=== Begin Enclosure ===

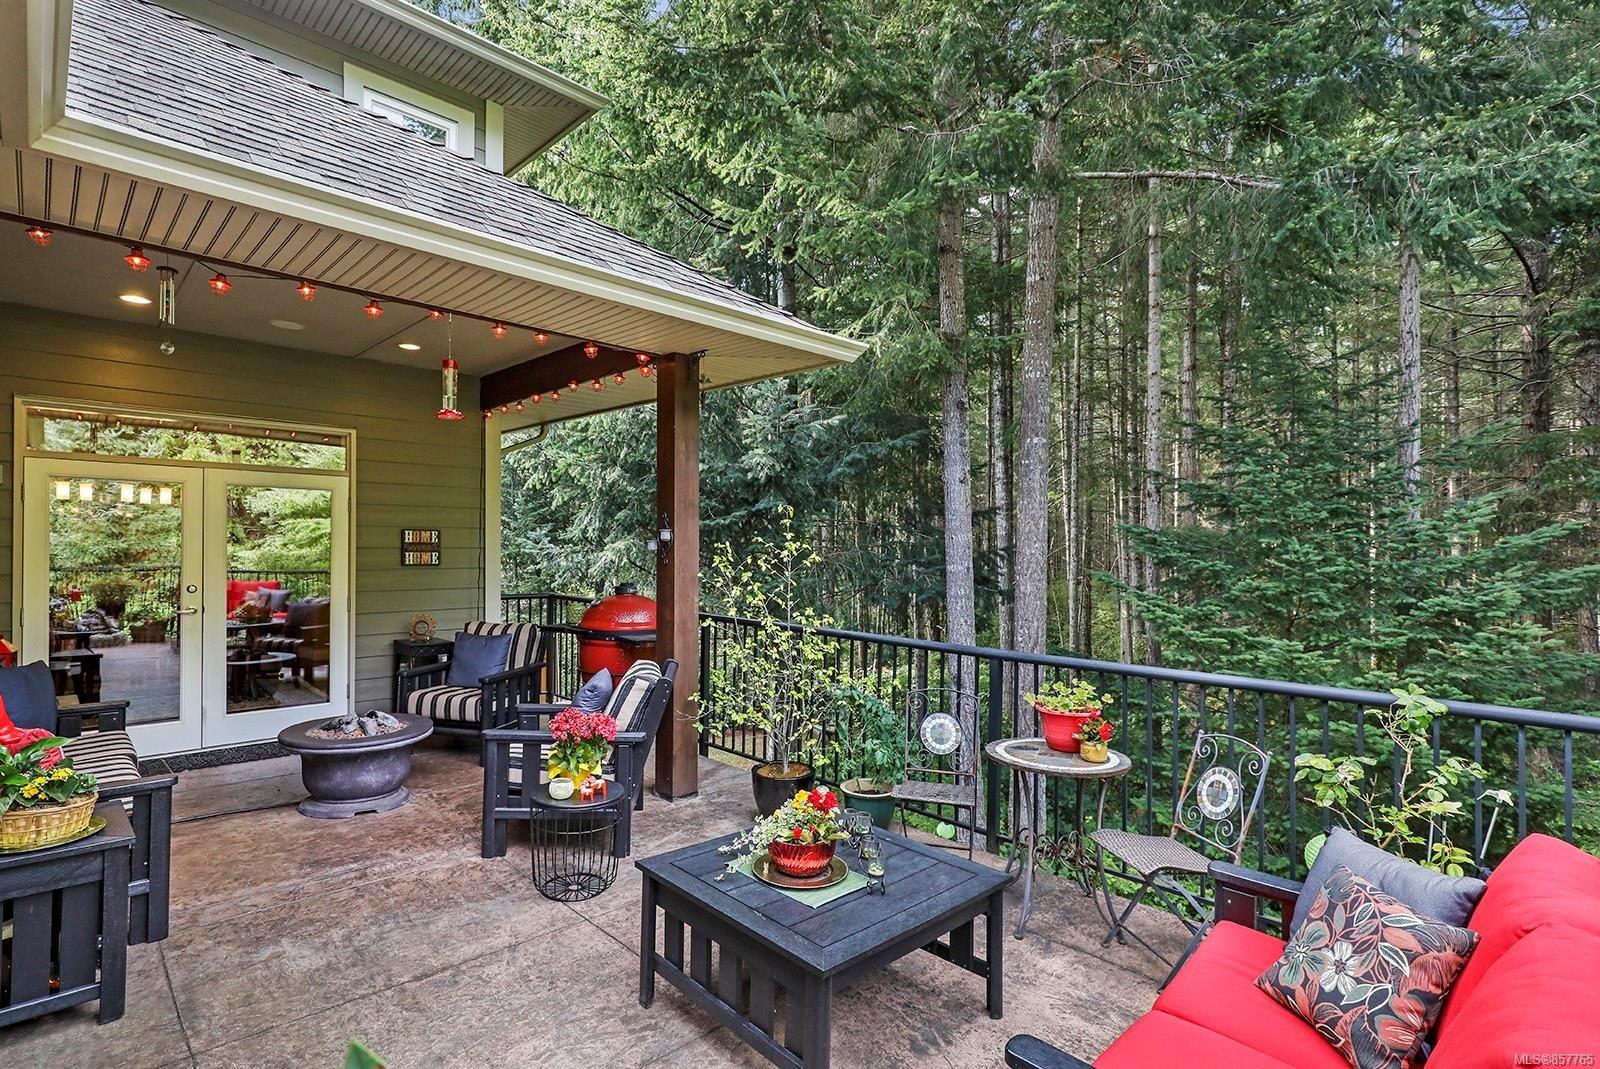 Photo 46: Photos: 1516 Highridge Dr in : CV Comox (Town of) House for sale (Comox Valley)  : MLS®# 857765
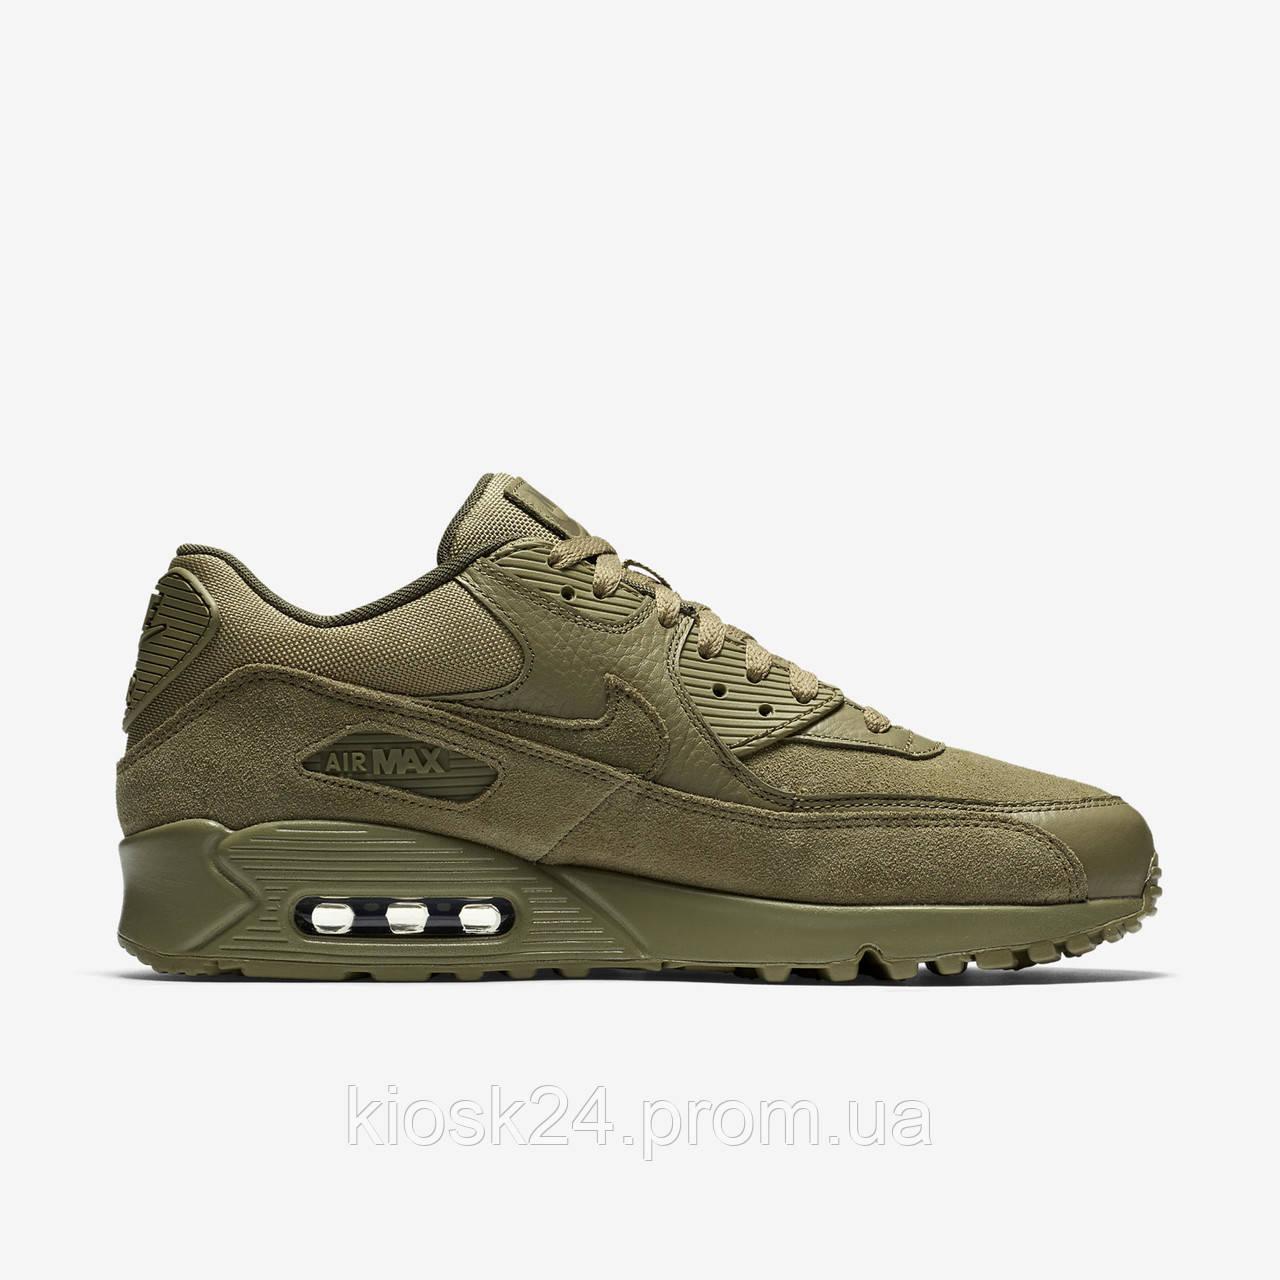 81f522622 Оригинальные кроссовки Nike Air Max 90 Premium Neutral Olive (700155 202) -  Sneakersbox -
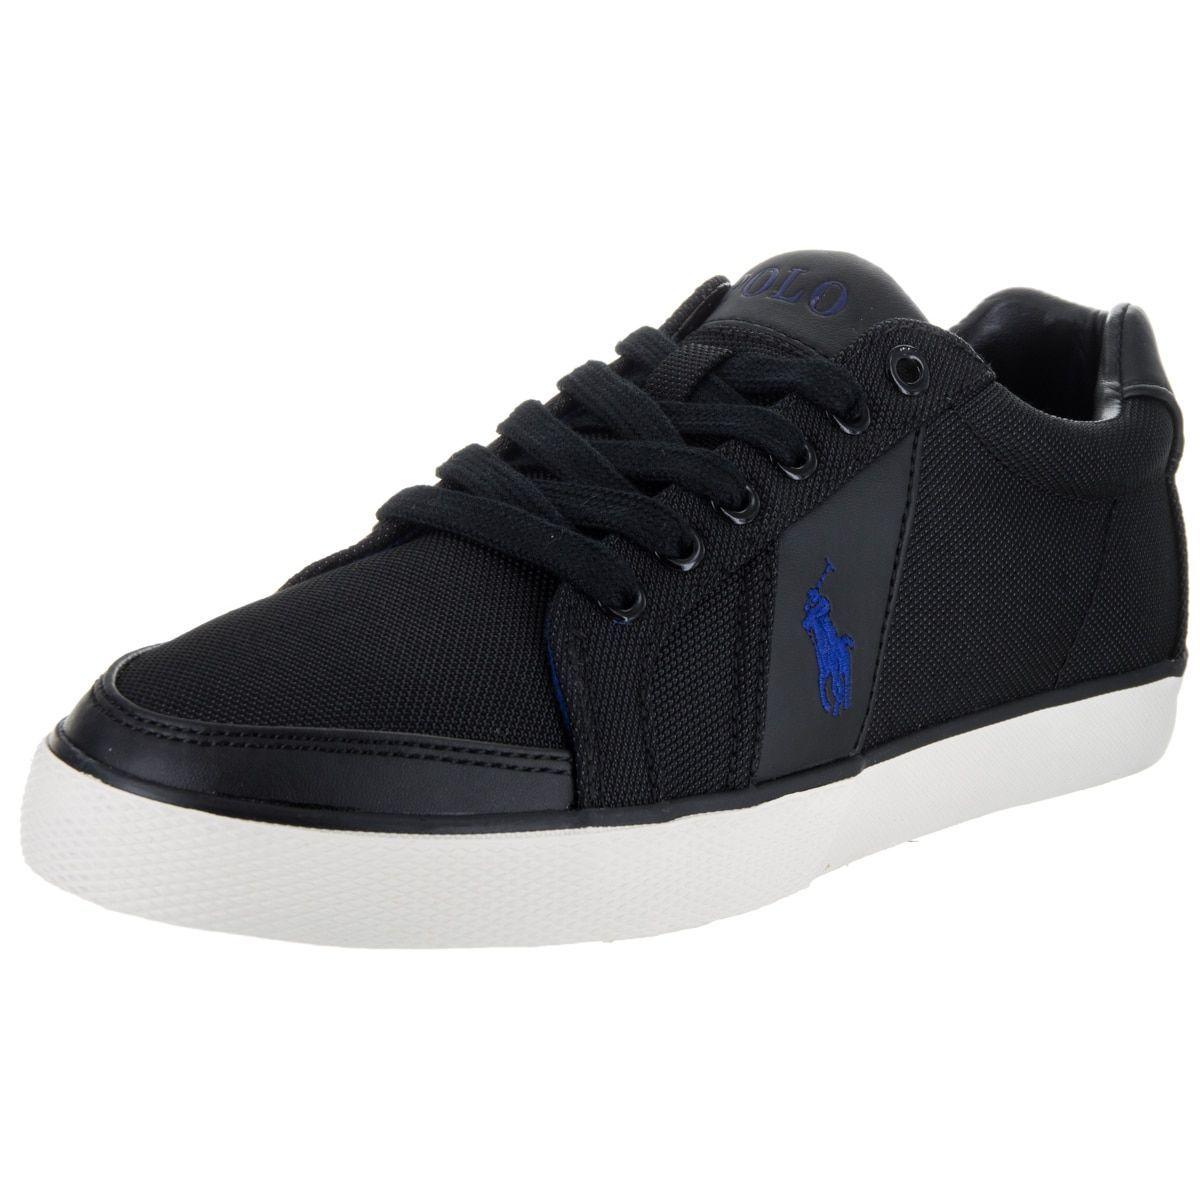 Polo Ralph Lauren Men's Hugh Sk Vlc Casual Shoes
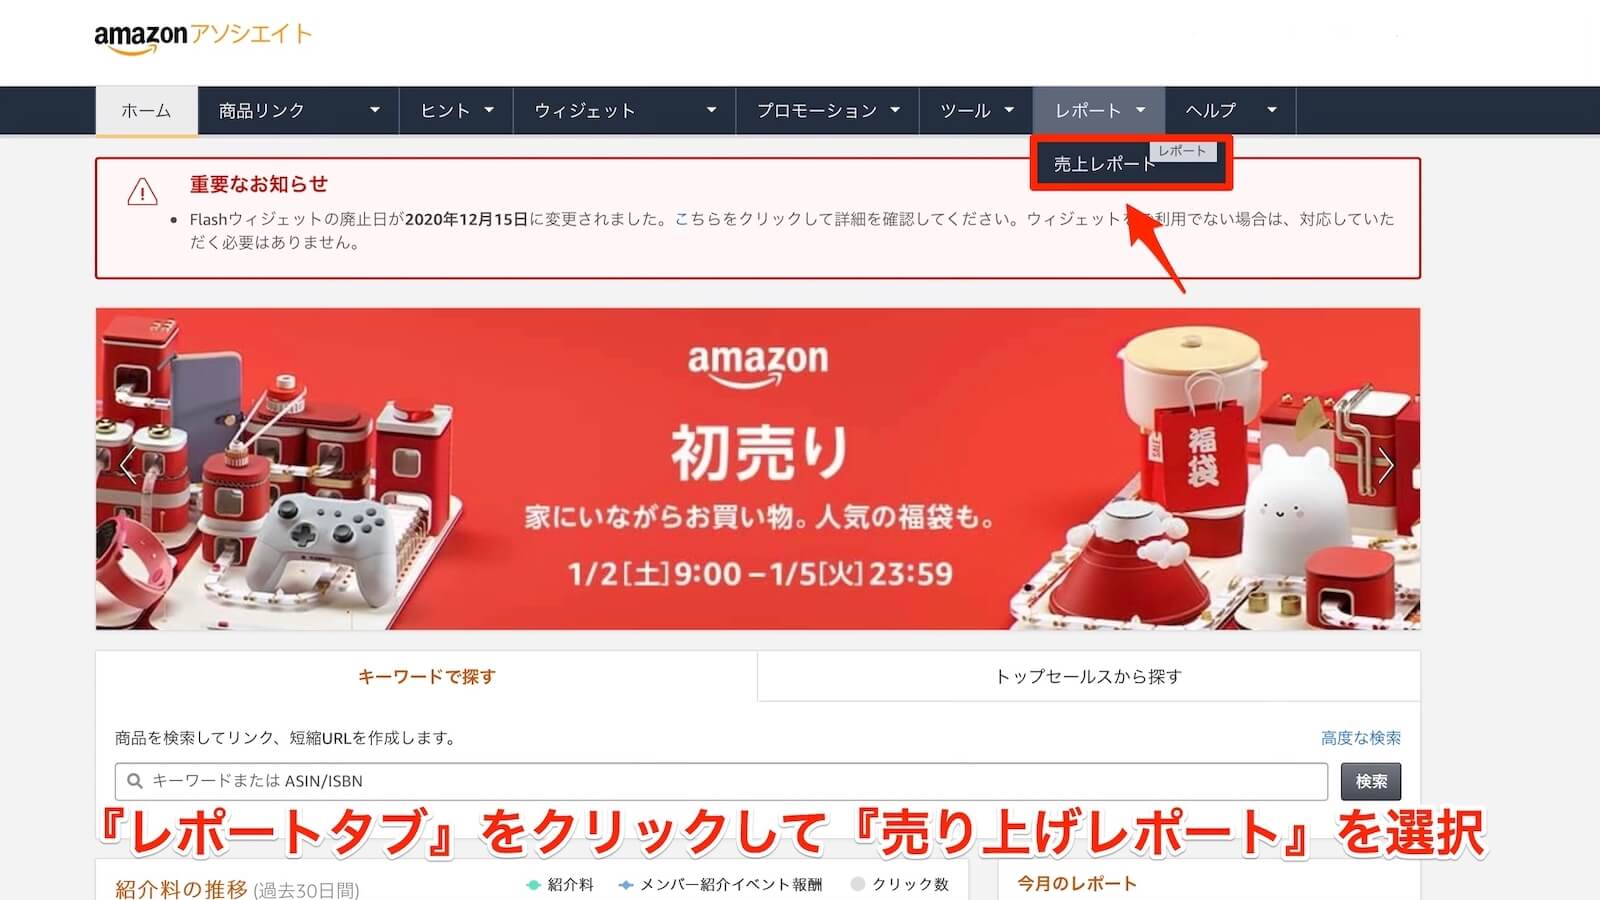 Amazon Associate Management Screen Capture

=== End Enclosure ===

▶ **Work task**: Apart from the images, print all the material above exactly as given.

▶ **Solution to this problem**:
 Photo 46: Photos: 1516 Highridge Dr in : CV Comox (Town of) House for sale (Comox Valley)  : MLS®# 857765
 81f522622 Оригинальные кроссовки Nike Air Max 90 Premium Neutral Olive (700155 202) -  Sneakersbox -
 Polo Ralph Lauren Men's Hugh Sk Vlc Casual Shoes
 Amazon Associate Management Screen Capture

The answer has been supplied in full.